Introducing some brass and woodwind as well as a guitar into the mix, Villa-Lobos’s Guitar Concerto (first performed in 1956 and dedicated to Segovia) is a virtuoso display for the soloist; but also for the composer himself, who balances his forces beautifully. There is a sort of warm confidence about the writing that exudes reassurance for the listener; no Brouwer-like hard edges here in the first movement. The soloist, acclaimed Cuban guitarist Ahmed Dickinson Cárdenas, is clearly a master of his instrument; this was certainly on display in the cadenza, while the sheer beauty of his sound (particularly his harmonics) is remarkable. A similar level of beauty was heard in the Andantino, in the woodwind against strings. Most impressive, as was the way in which Manning was with his soloist all the way here. The finale included some magnificent guitar filigree. This is a major work (as so much Villa-Lobos is) and should surely be in every guitarist’s repertoire. More, the stature of Villa-Lobos’s music needs to be universally recognised. The clear devotion of the Bath orchestra and Dickinson Cárdenas to the score was wonderful to hear; all the more surprising that there was no encore from the guitarist (a short piece by Brouwer would have balanced it all out nicely in the context of this programme?).
Finally, Ginastera’s Concerto for Strings (‘Concerto per corde’) of 1966 comes from that composer’s late period, an arrangement of four movements of the Second String Quartet of 1958. It begins with a ‘Variazioni per i solisti’. Ginastera called his music of this period ‘neo-Expressionist’, and certainly some of the hardcore string chords attest to that. It is not a stretch of the imagination to point to the influence of Bartók on Ginastera’s writing, and even in the interruptive string upward glissandos to a sort of ‘post-Bartók’ gesture. All credit to the string principals here before the wondrously shadowy Scherzo fantastico second movement. Ginastera’s imagination is astonishing, the energy white-hot at times. The third movement is marked Adagio angoscioso (slow and distressed/anguished); some lovely, together and expressive playing from the Bath Festival Orchestra’s viola section here before a properly ‘furioso’ finale.
The Bath Festival Orchestra eschew traditional programme notes, instead including a freesheet with QR to a 42-minute Soundcloud cast, hosted by the enthusiastic Jess Gillam.

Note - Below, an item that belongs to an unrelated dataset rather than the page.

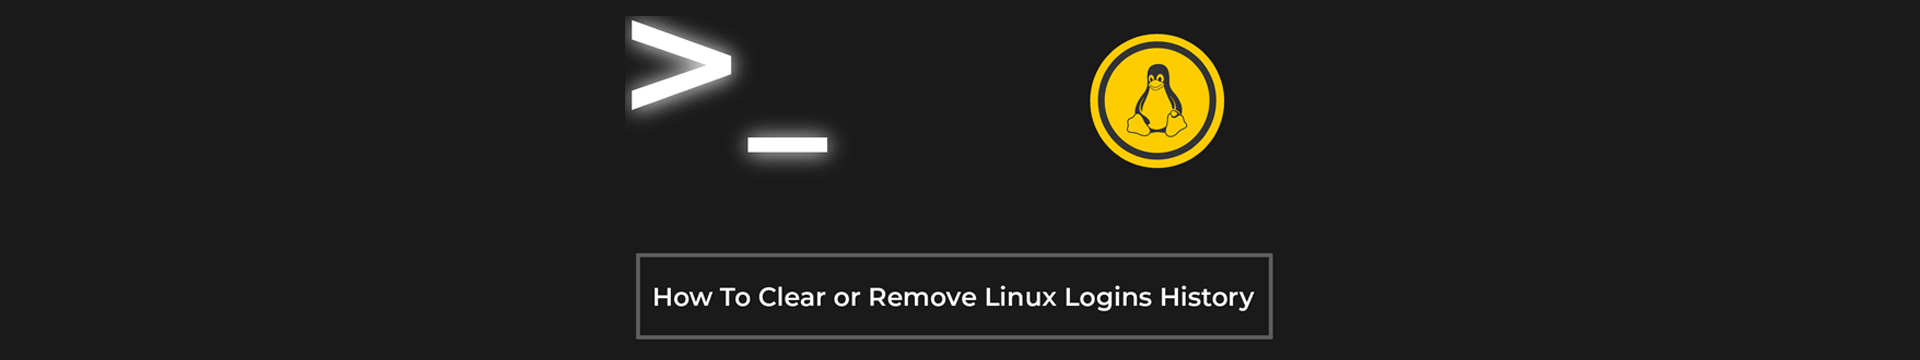 How To Clear or Remove Last Logins History in Linux

The cast implies the Villa-Lobos was at some point to be heard first, so some rearrangement must have gone on in between cast and concert.
There was a pre-concert performance of Villa-Lobos from students from the Bobby Moore Academy, a charming arrangement of the Dansa from the Bachianas Brasileiras No.2, entitled ‘O Trenzinho do Caipira’, a fun five-minute piece performed with much concentration and zeal by the students. The Bath orchestra’s work with young people is absolutely to be encouraged; music needs to return to its rightful status as a vital strand of music education. This is the first orchestra in the Academy’s history; long may it continue. This is part of the Bath Festival Orchestra’s programme, Orchestrate, that aims to make music accessible to all.